Regarding the Uyghurs, are you saying they have no basis to blame the Han Chinese for persecuting them, that it is the result of the will of Allah? Was the work of the Nazis during the Holocaust an expression of God’s will?
Yes to both. In Occasionalism, there are no exceptions. That includes the countless Muslims that died in the recent wars in the Middle East.
Having said that, that means that both the Chinese, assuming the reports are true, are evil, as were the Nazis. So while evil people exist, evil itself does not exist. From an Occasionalist perspective, evil people hold no power in this world, nor good people for that matter.

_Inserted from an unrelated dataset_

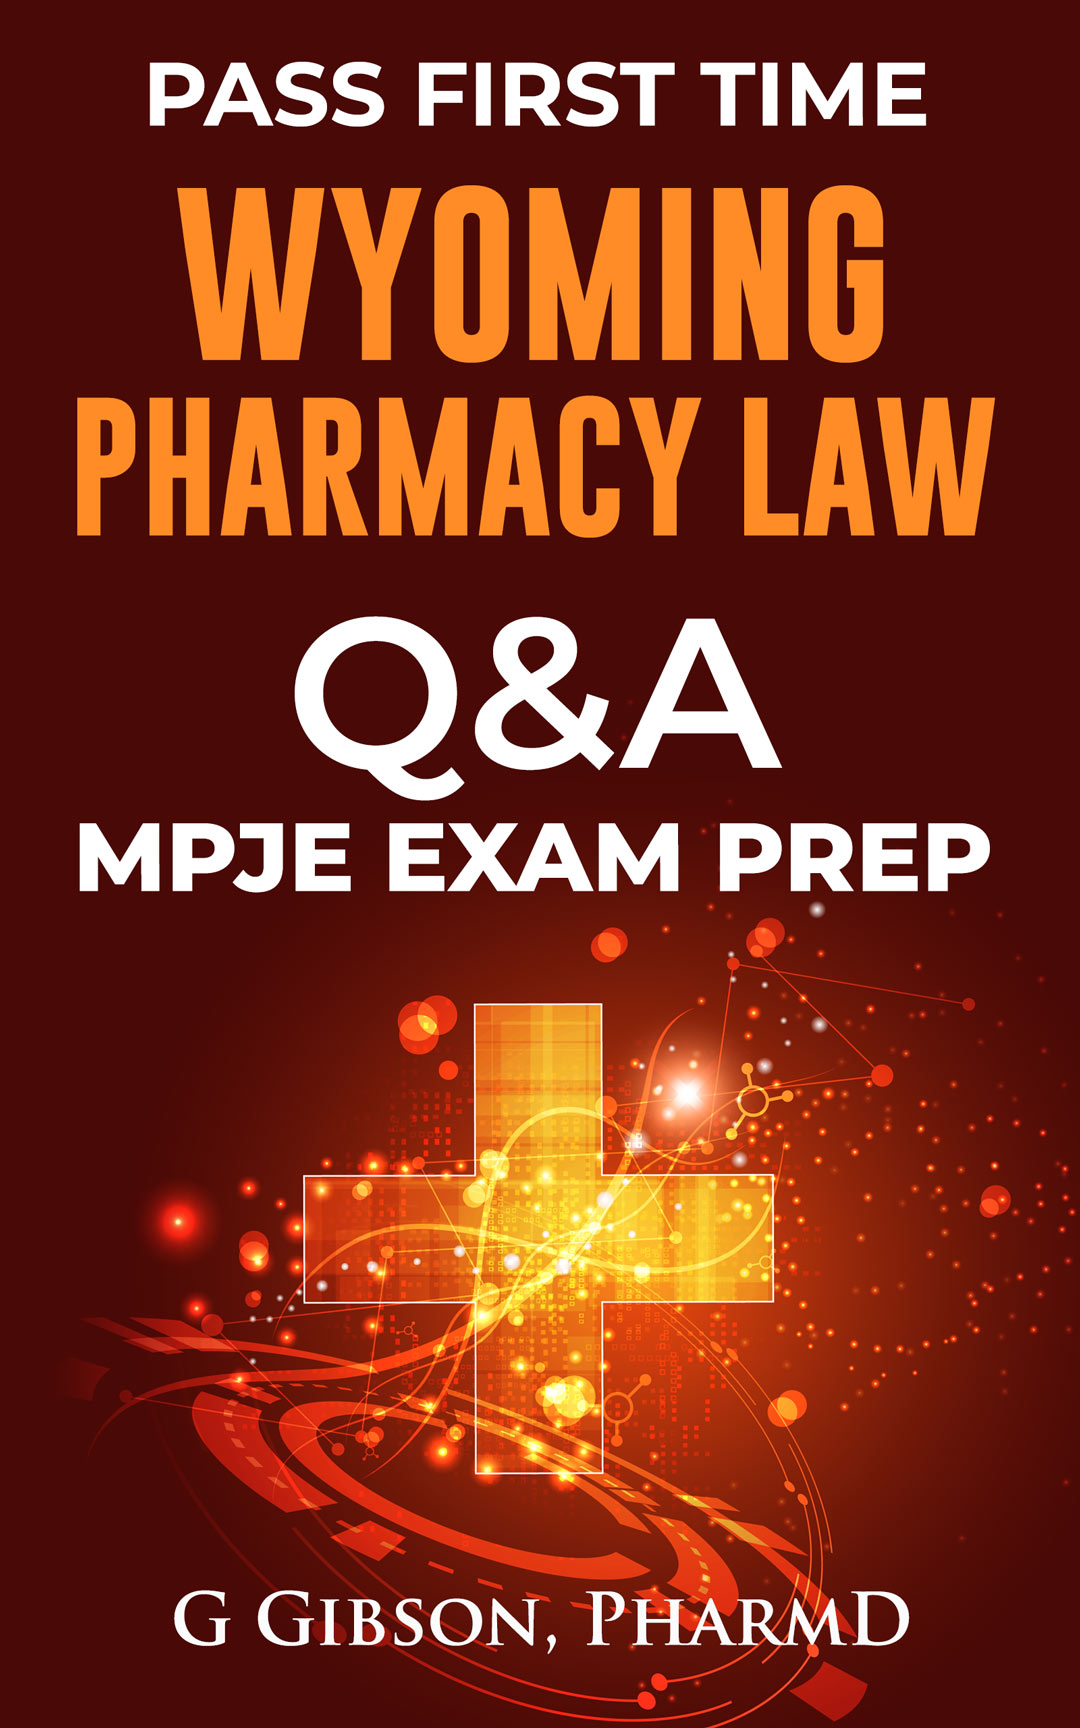 Wyoming Pharmacy Law MPJE Exam Prep Q & A

“Evil does not exist; once you have crossed the threshold, all is good. Once in another world, you must hold your tongue.” —Franz Kafka
Incidentally, Franz Kafka was Jewish, and while he did not live long enough to see the Holocaust, he was aware of the pogroms and purges of the Jews. And yet, he wrote these lines.
source: Franz Kafka - Quotable Quote
Apologies in advance if I've offended anyone, but these are the beliefs of 1.8 billion Muslims, a few billion more people if you add the other religious groups I mentioned. In any event, it's always good to learn how the other side thinks.
As an aside, do you remember this from Madeleine Albright (short 20 second clip):
Madeleine Albright The deaths of 500,000 Iraqi children was worth it for Iraq's non existent WMD's
Number of deaths of Iraqi children caused by US sanctions? Zero.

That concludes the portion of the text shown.